== What is being asked ==
The pictures in the data below are to be omitted; all else must be duplicated exactly.

== Data section ==
[Start of Attachment]

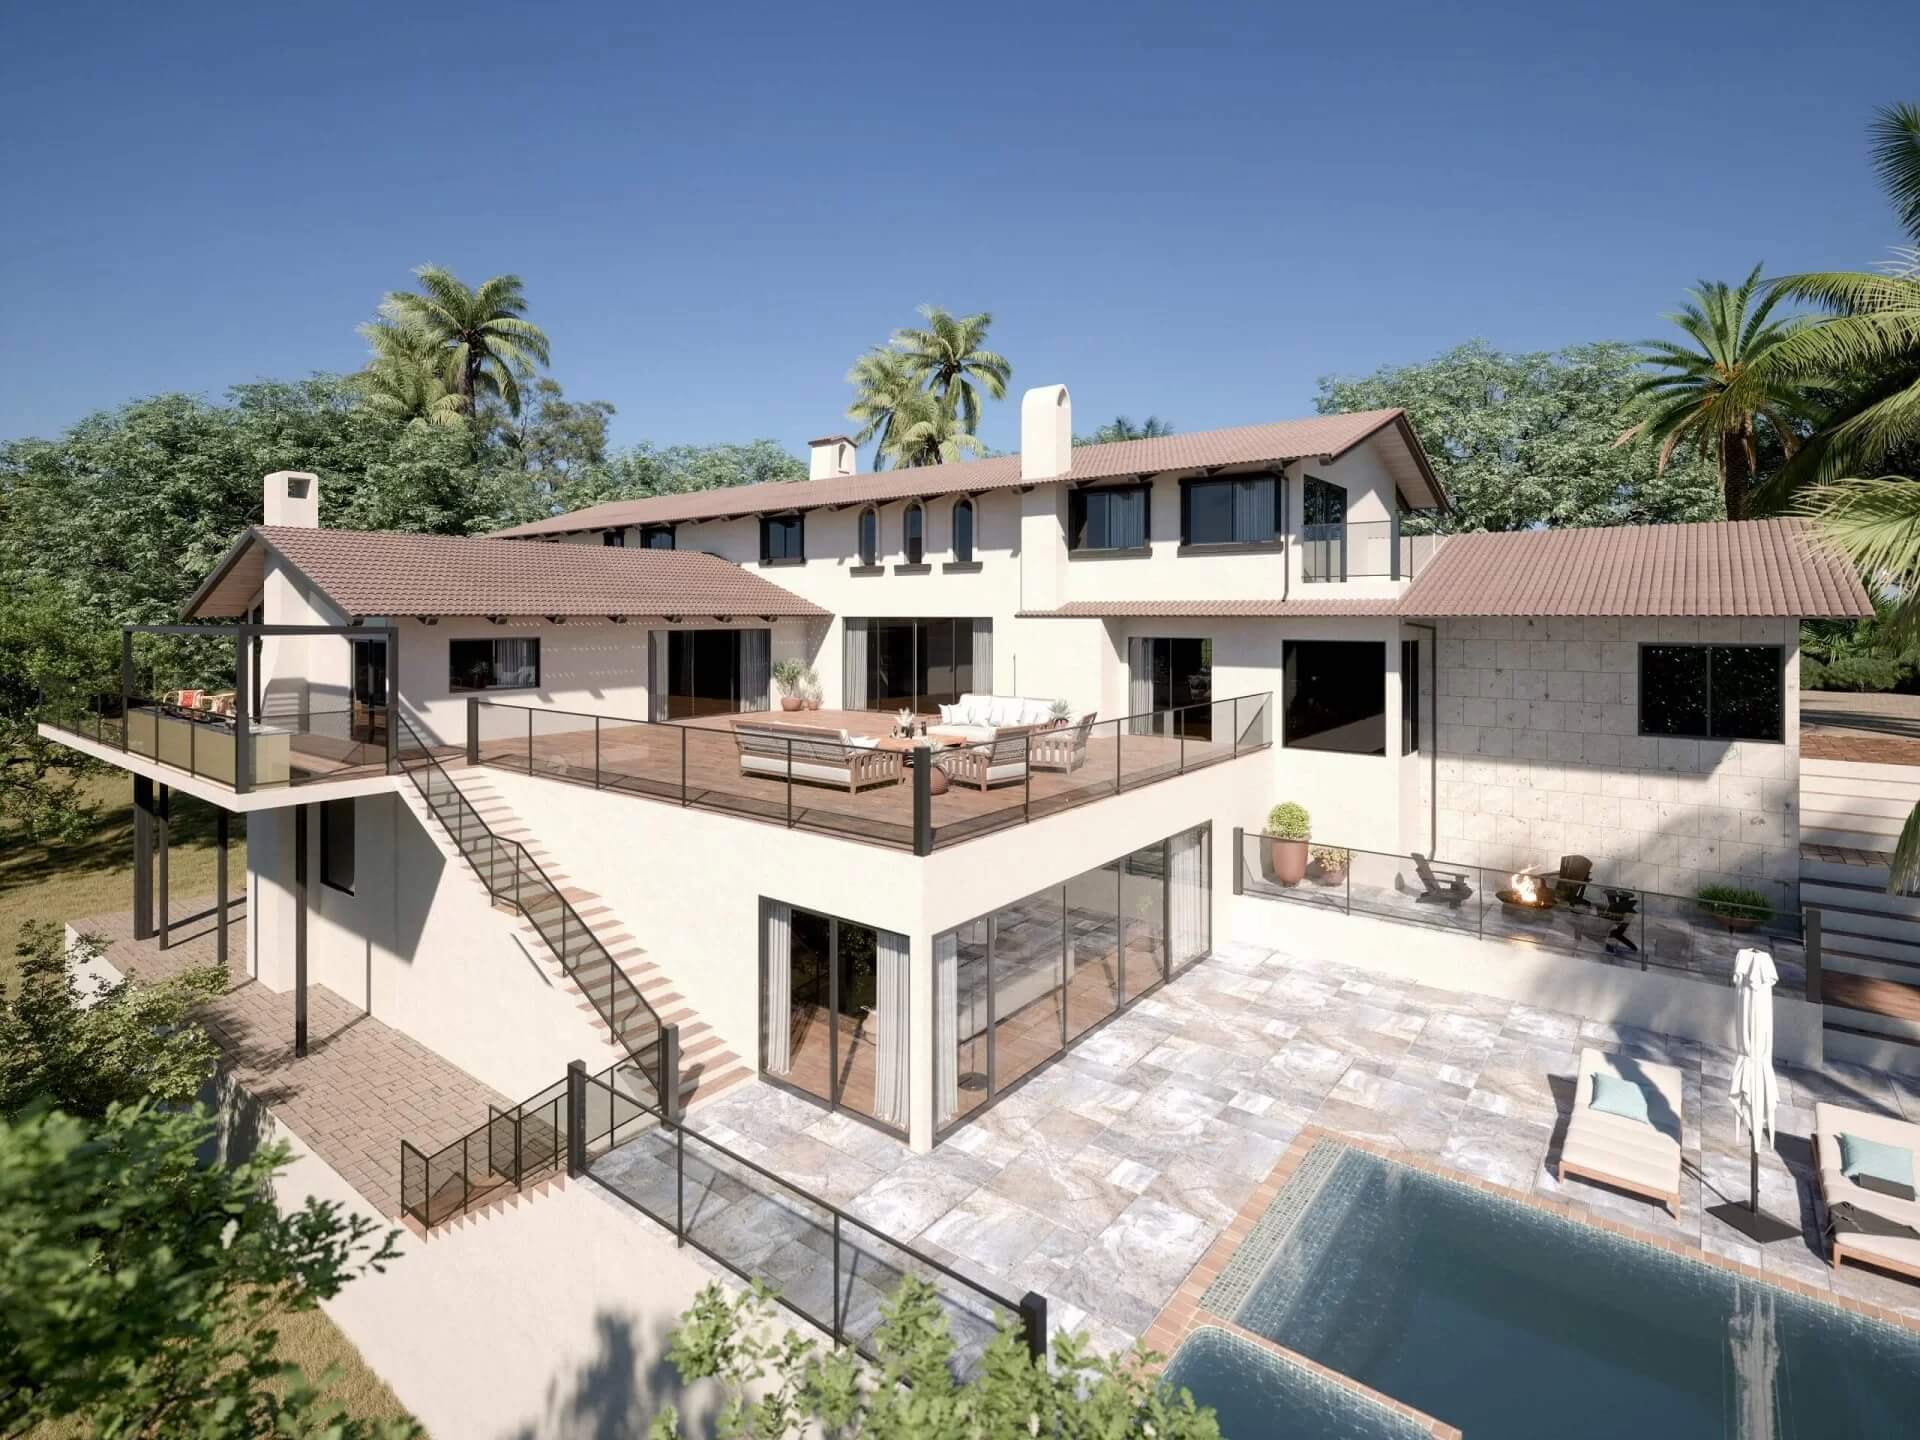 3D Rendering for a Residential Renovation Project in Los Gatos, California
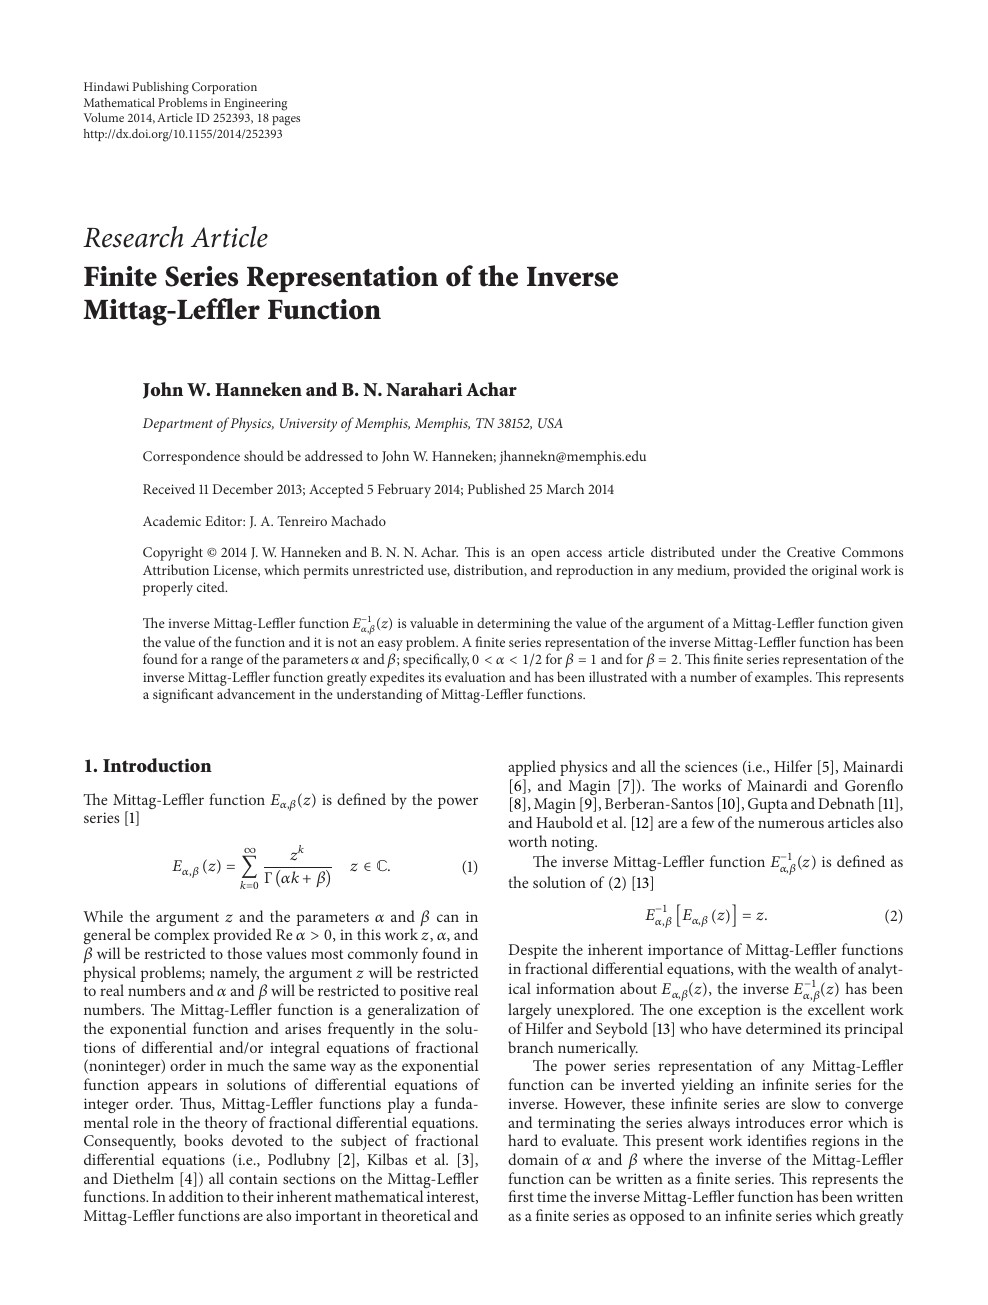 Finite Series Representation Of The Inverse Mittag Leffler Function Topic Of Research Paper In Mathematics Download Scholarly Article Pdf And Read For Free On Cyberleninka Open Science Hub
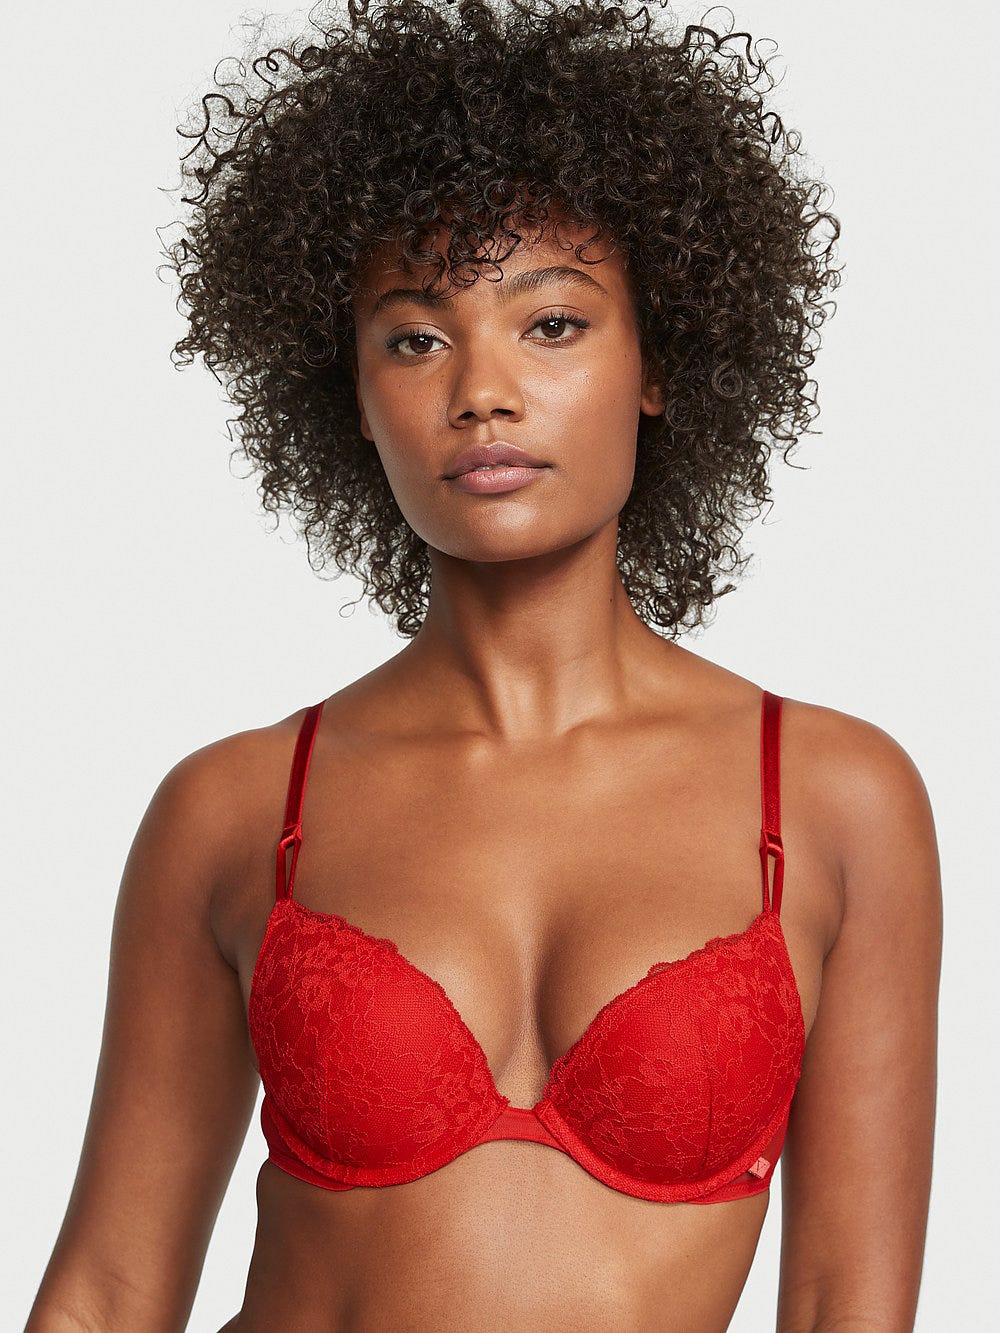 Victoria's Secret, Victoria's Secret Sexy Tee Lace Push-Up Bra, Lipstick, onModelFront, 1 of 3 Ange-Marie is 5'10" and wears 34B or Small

[End of Attachment]

== Answer space ==
 3D Rendering for a Residential Renovation Project in Los Gatos, California
 Finite Series Representation Of The Inverse Mittag Leffler Function Topic Of Research Paper In Mathematics Download Scholarly Article Pdf And Read For Free On Cyberleninka Open Science Hub
 Victoria's Secret, Victoria's Secret Sexy Tee Lace Push-Up Bra, Lipstick, onModelFront, 1 of 3 Ange-Marie is 5'10" and wears 34B or Small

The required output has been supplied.